Open soichih opened 6 years ago

soichih commented 6 years ago

A user informed me that this validator is failing with his t1w image that he is trying to upload.

Nibabel gives following output for this input. Please note the dim is not right..

<class 'nibabel.nifti1.Nifti1Header'> object, endian='>'
sizeof_hdr      : 348
data_type       : 
db_name         : 3107
extents         : 16384
session_error   : -1
regular         : r
dim_info        : 0
dim             : [  4 176 240 256   1   0   0   0]

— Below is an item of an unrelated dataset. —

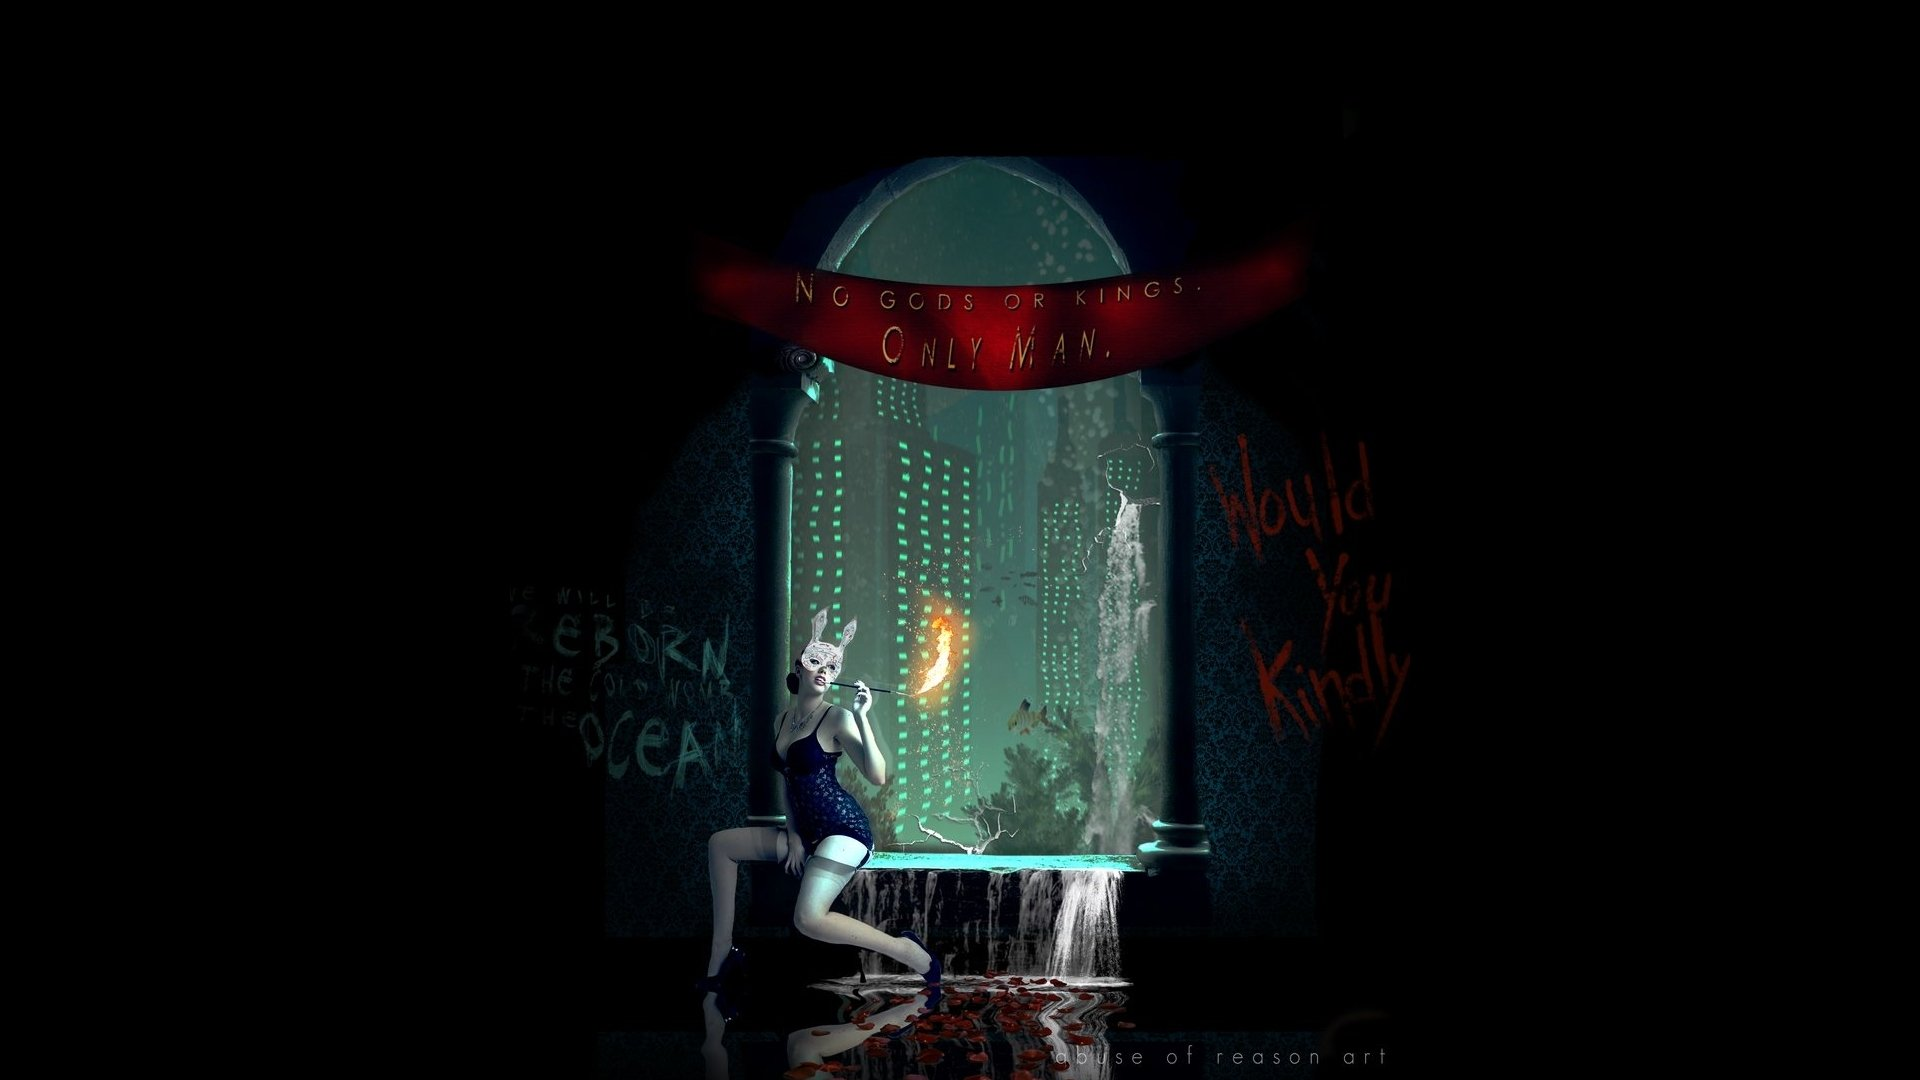 Video Game - Bioshock  Manipulation CGI Digital Art Cosplay Woman Sci Fi Wallpaper
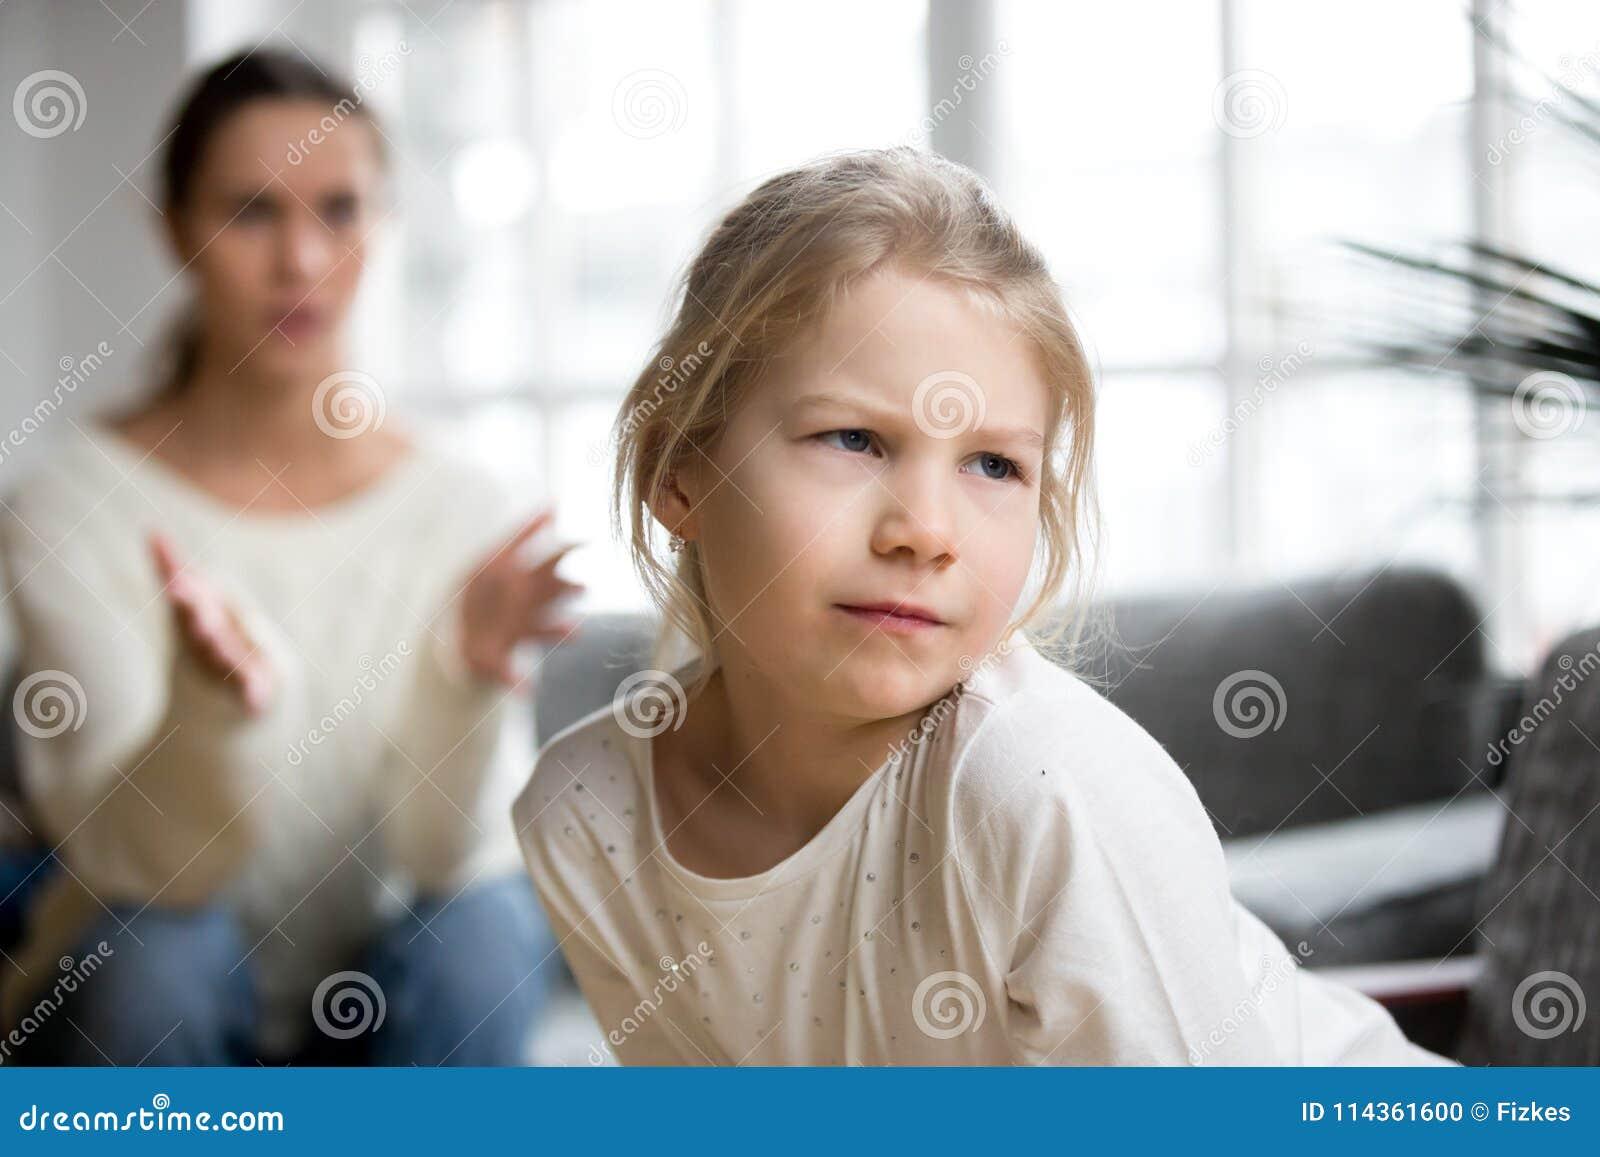 Sulky κορίτσι παιδιών που μουτρώνει αγνοώντας τη μητέρα που επιπλήττει το χ

But, mrinfo shows following dimensions

 Format:            NIfTI-1.1
 Dimensions:        176 x 240 x 256 x 1
 Voxel size:        1 x 1 x 1 x 0

I can open this image just fine with fslview, freeview, etc..

@aarya22 @skoudoro do you know what could be going wrong with this?

aarya22 commented 6 years ago

Do you know what error message they are getting?

I think the error could be in 47-49: # dims = img.header['dim'][0] if dims != 3: results['errors'].append("input should be 3D but has " + str(dims))

Not sure how to fix this, I thought the dimensions were supposed to be 3?

soichih commented 6 years ago

Yes, that's the message user is seeing.

error_t1

According to mrinfo, it is 3D, but nibabel doesn't think so.. (I am guessing?)

skoudoro commented 6 years ago

Otherwise, a workaround to get the dimensions is to replace dims = img.header['dim'][0] by dims = img.get_data().ndim or dims = len(img.get_data().shape)

soichih commented 6 years ago

I am seeing this issue with nibabel 2.2.1 (the latest via pip).

Most other t1 shows something like this.

dim : [ 3 260 311 260 1 1 1 1]

The workaround didn't work with the problem dataset.

i.get_data().ndim 4 i.get_data().shape (176, 240, 256, 1)

Maybe we can just count dimensions with >1?

Now, even if we can just patch around this issue, I am not sure if the problem dataset is actually a valid T1 (will it break some App?)

skoudoro commented 6 years ago

Thank you for all this info.

Maybe we can just count dimensions with >1?

I think we should avoid doing that

Now, even if we can just patch around this issue, I am not sure if the problem dataset is actually a valid T1 (will it break some App?)

Agree with that point. we should test this dataset with other apps. if it breaks them too, we assume it is not a valid dataset. Otherwise, we can be less strict with the test by doing if i.get_data().ndim < 3:

soichih commented 6 years ago

@bcmcpher Have you seen an issue like this? The user mentions that he downloaded the dataset from LONI / PPMI. I don't have access to it.